Cette nuit-là, il ne dormit pas. Allongé sur son lit, le smoking encore sur le dos, il avait fixait le plafond cette fois-ci, continuant de ruminer ses pensées, particulièrement celle concernant le baiser du Geek. Chaque seconde qui passait, le Patron ne cessait de repenser à cela, à son visage se baissant vers le sien, les yeux humides et les lèvres jointes. Et, à chaque seconde qui s'écoulait, son estomac enfin reposé lui répétait que c'était bien réel.

Pourtant, il n'arrivait pas à en être persuadé. Et si le Geek ne l'aimait pas ? Et s'il ne l'aimait pas comme le Patron l'aimait ? Que ferait-il ? Et comment pouvait-il savoir la vérité sans le brusquer ? Il lui fallait un plan d'approche pour avoir la vérité.

Peut-être pourrait-il y aller de but en blanc et lui demander clairement s'il l'avait embrassé lorsqu'il était au sol ? Non, trop – beaucoup trop – directe. Ou bien pouvait-il l'insinuer jusqu'à le lui faire avouer ? C'était déjà mieux mais comment faire ça ?

Il pouvait engager à multiple reprise le sujet de ce moment où il était au sol. Puis il dirait que, après lui avoir donné la clé, il ne se souvenait pas de grand-chose. Mais le Geek n'oserait jamais dire la vérité, il n'était pas comme ça.
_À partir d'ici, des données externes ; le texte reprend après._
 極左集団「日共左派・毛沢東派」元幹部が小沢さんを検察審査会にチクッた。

Il avait encore peur de l'ancien Patron, celui qui était fou même sans pilule.

Comme il put, jusqu'au bout de la nuit, il tenta d'imaginer un plan, en vain. Lorsque le matin du deuxième jour vint, il n'arriva à rien conclure. Toute la journée, il subit opérations sur opérations, tests sur tests, ainsi que quelques heures de rééducation en compagnie d'un jeune homme qui semblait avoir clairement flashé sur la malade. Mais ce dernier, qui en aurait profité il y a quelques temps, fit mouche et l'ignora complètement alors qu'il exerçait son bras.
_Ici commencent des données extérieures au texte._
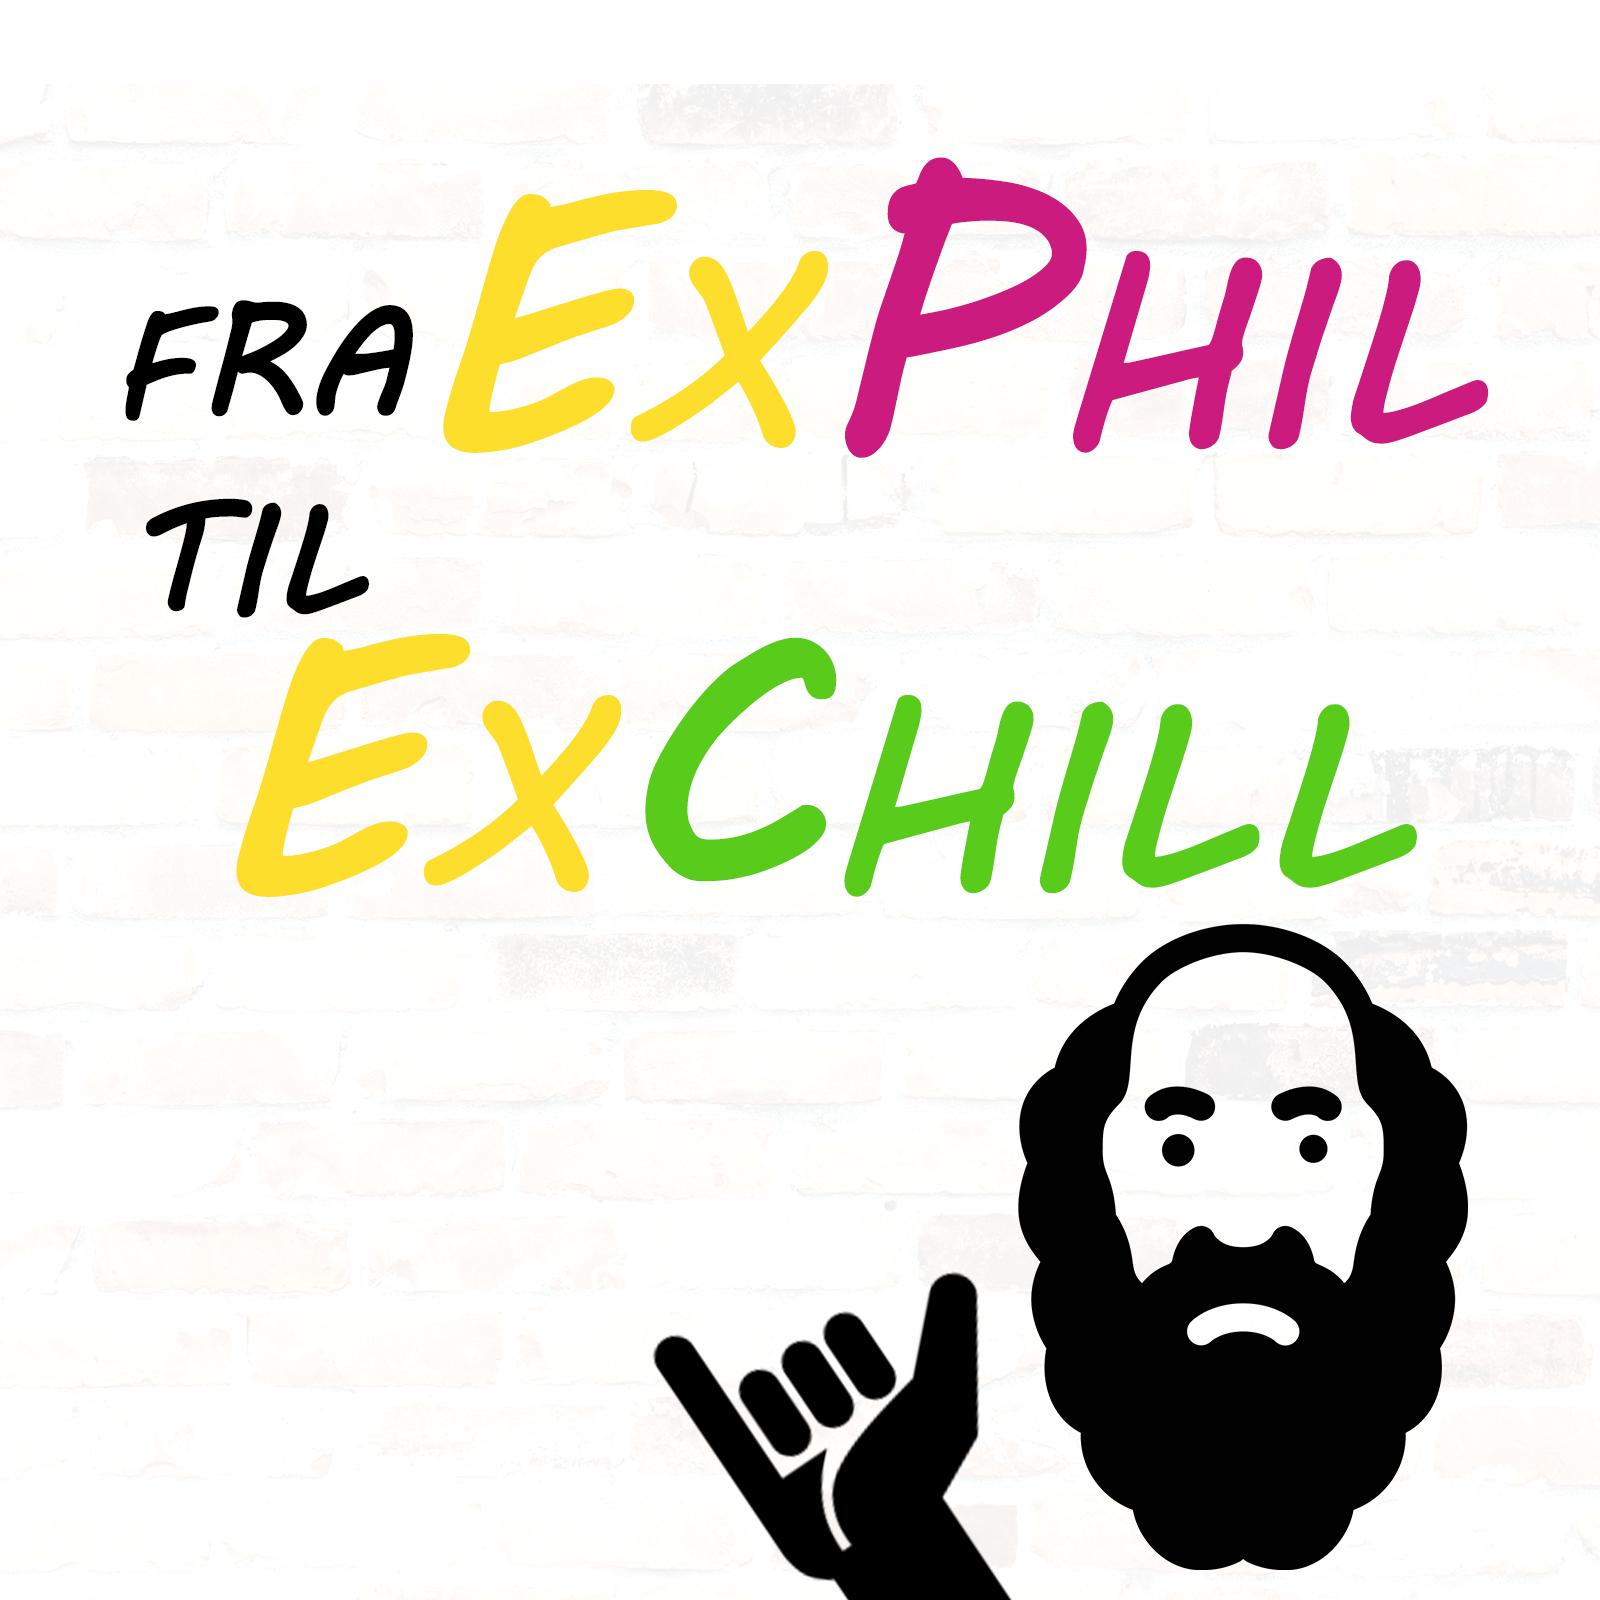 Fra Exphil til Exchill

Dans la soirée, on lui apporta de nouveau un plateau qu'il mangea avec plus de mal cette fois-ci, s'étant fait servir un morceau de viande impossible à couper sans casser trois picots de sa fourchette en plastique et dont il ne savait même pas la provenance – de couleur poulet mais avec un goût de bœuf et un relent de proc, il y avait de quoi avoir peur en avalant de ne pas se retrouver avec un goût d'autruche dans la gorge.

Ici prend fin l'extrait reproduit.